- **INSTRUCTIONS FOR THE TASK**
Line by line, restate the material word for word, omitting any image.

+++ DATA BELOW +++

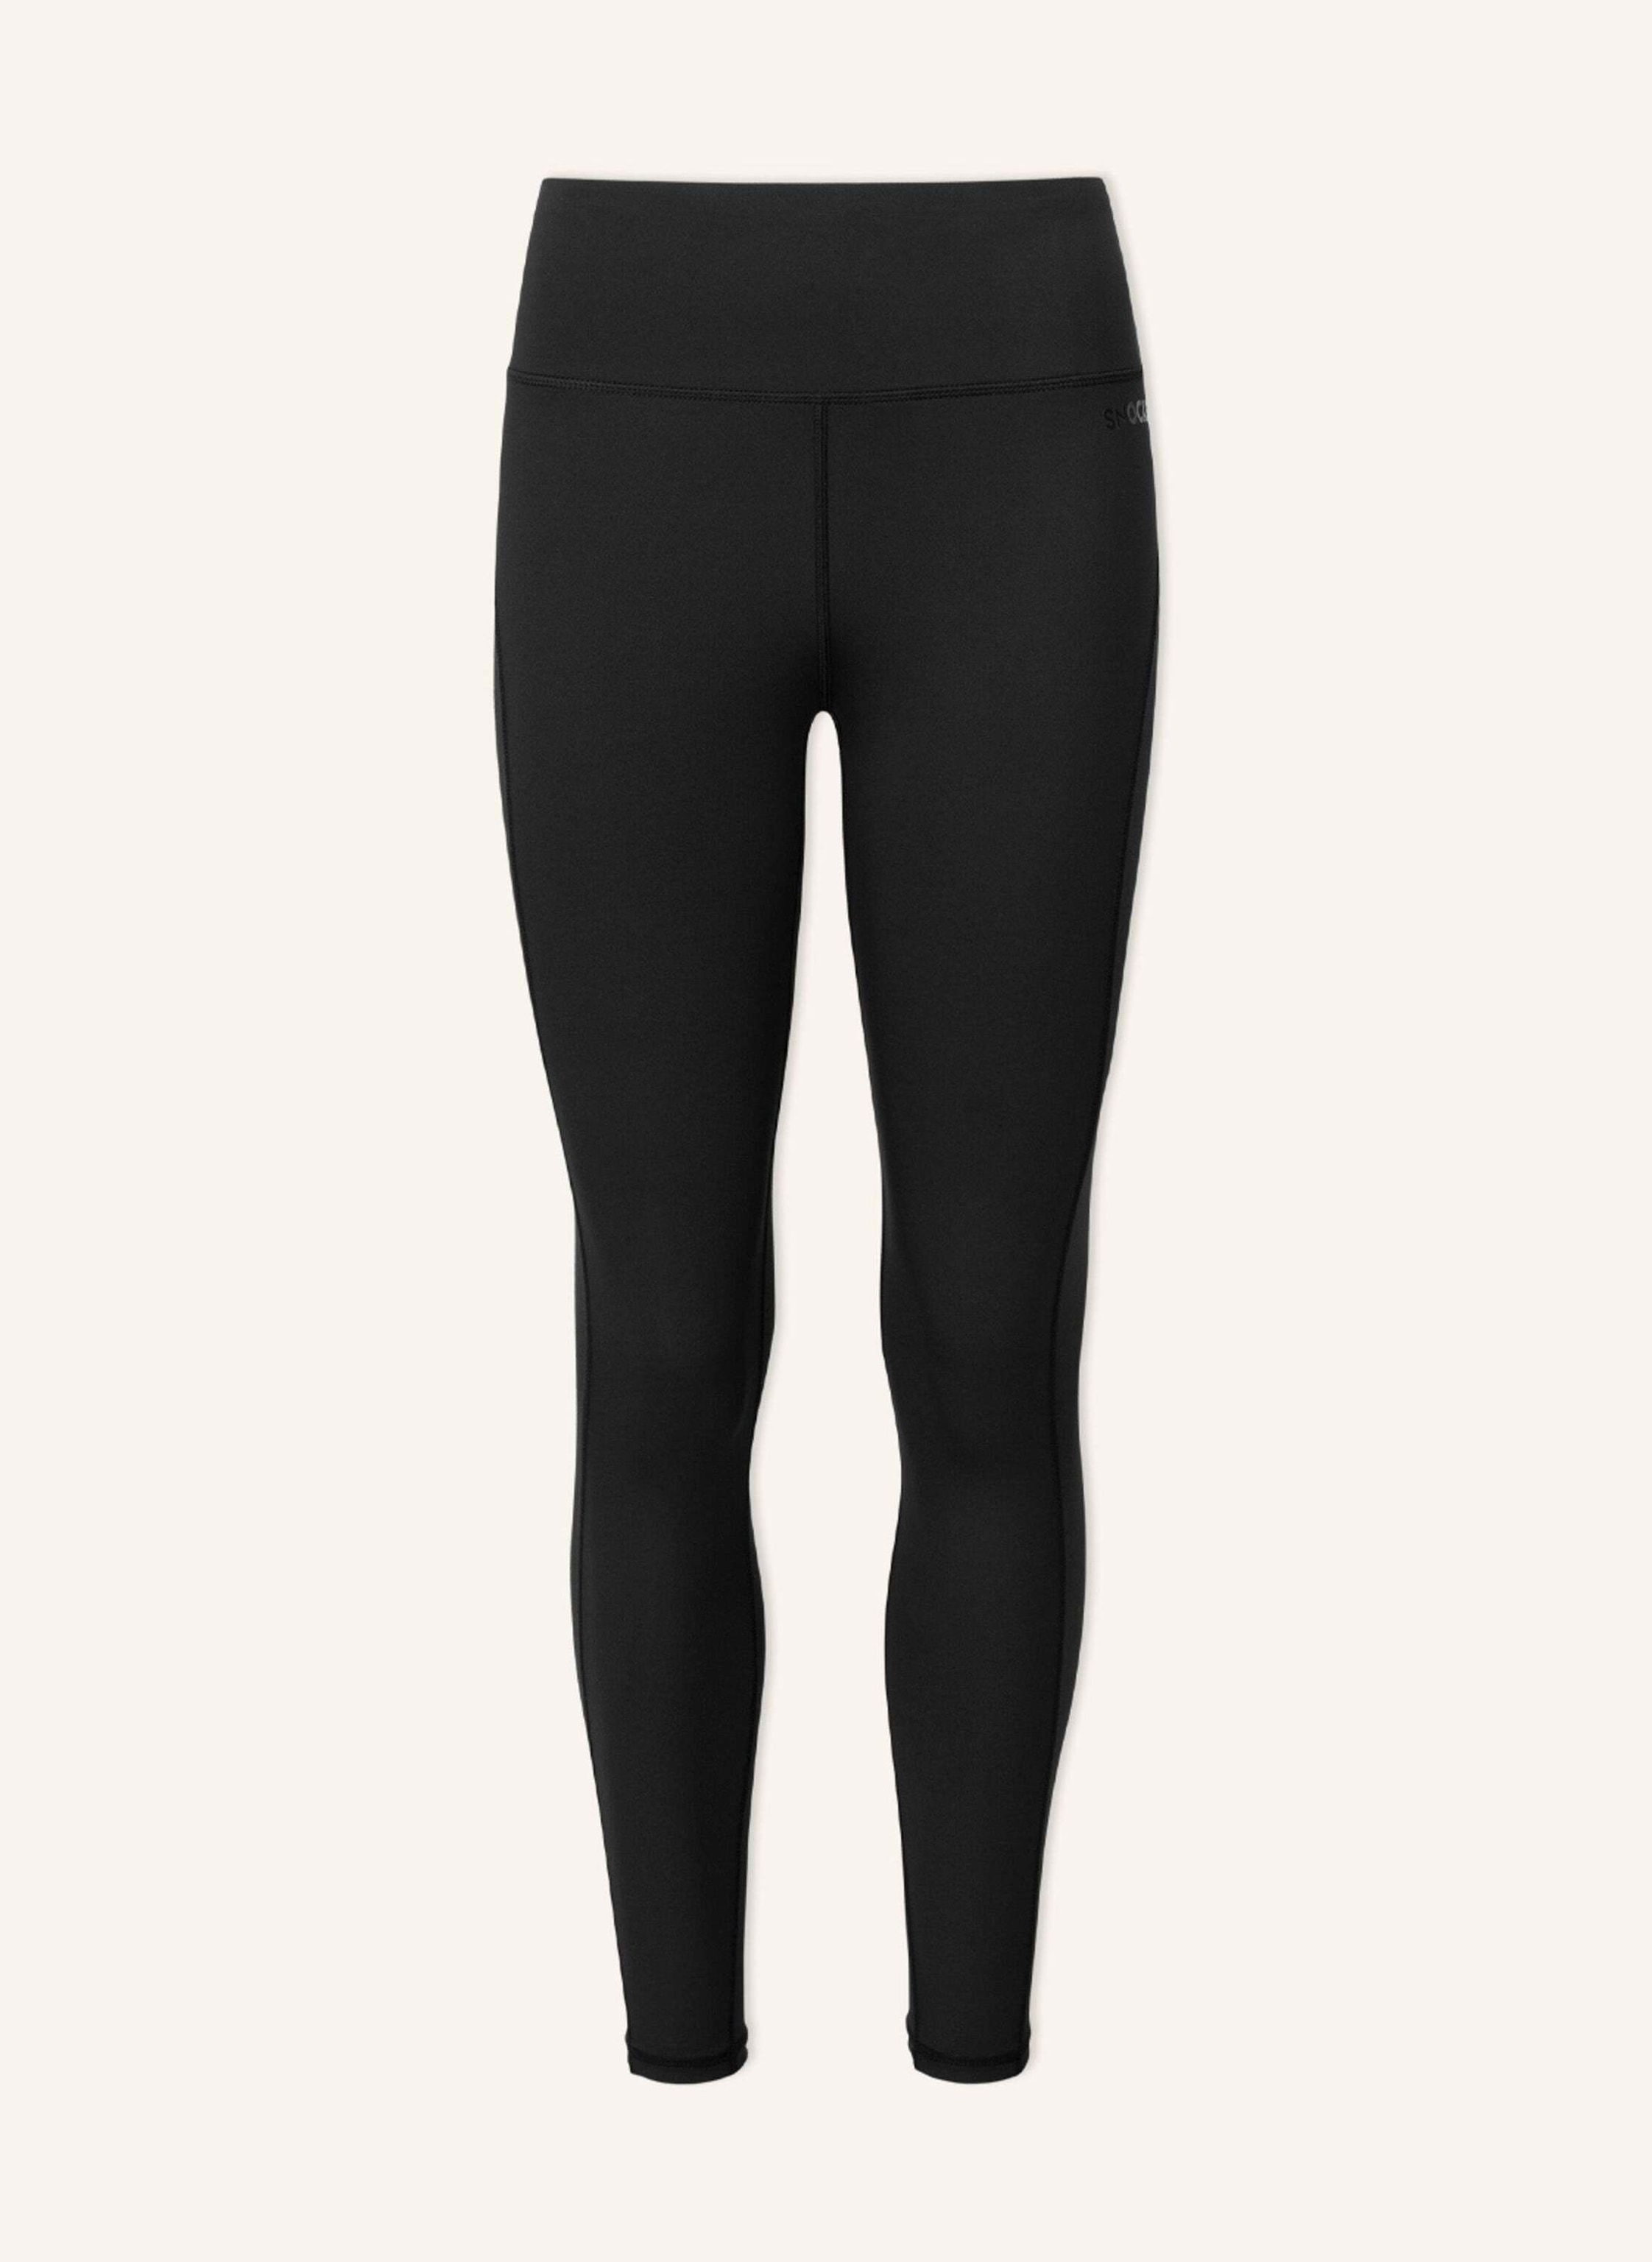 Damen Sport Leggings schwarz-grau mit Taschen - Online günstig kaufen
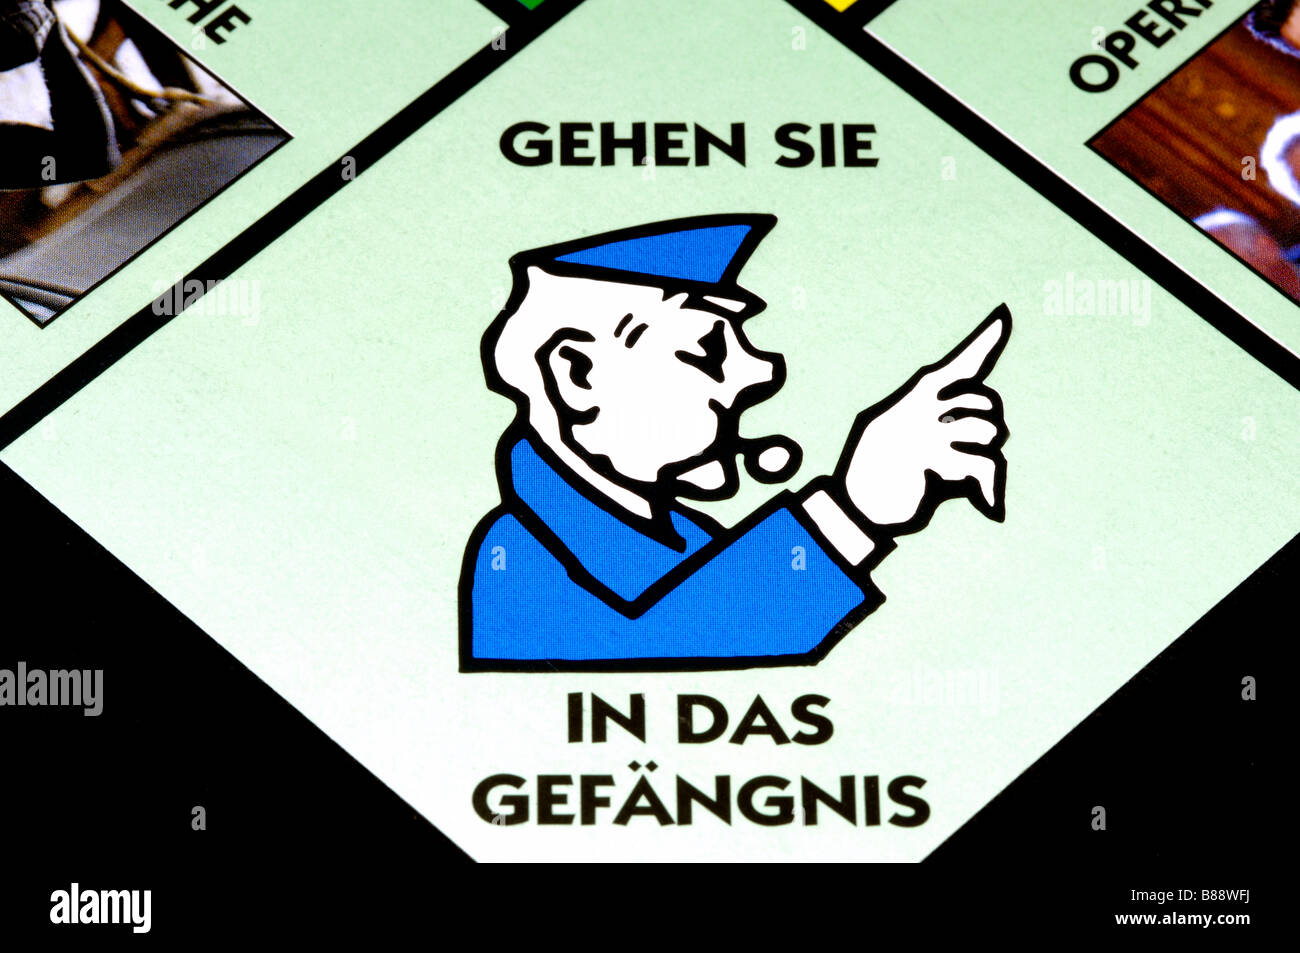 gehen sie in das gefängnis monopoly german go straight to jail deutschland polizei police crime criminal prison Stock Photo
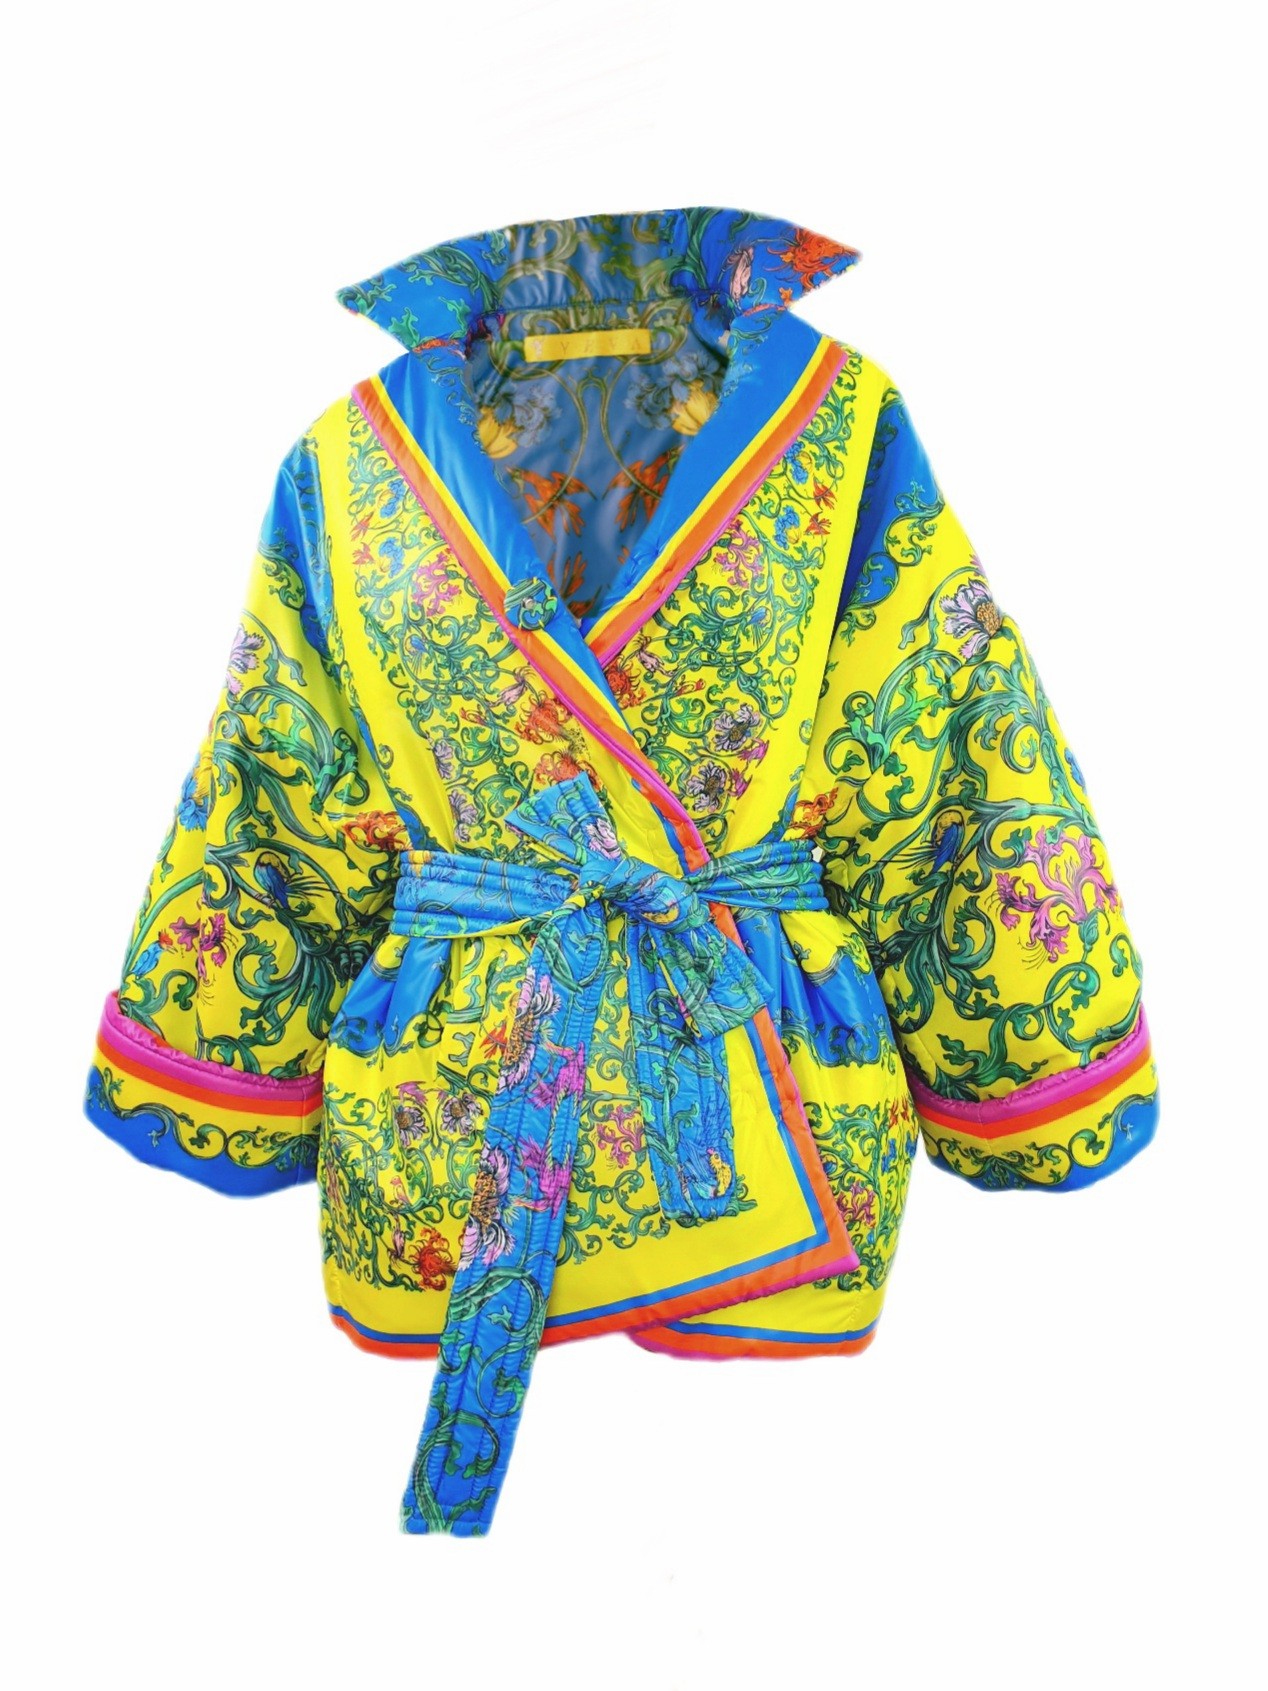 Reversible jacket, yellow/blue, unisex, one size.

+++

- **YOUR SOLUTION**
 Damen Sport Leggings schwarz-grau mit Taschen - Online günstig kaufen
 gehen sie in das gefängnis monopoly german go straight to jail deutschland polizei police crime criminal prison Stock Photo
 Reversible jacket, yellow/blue, unisex, one size.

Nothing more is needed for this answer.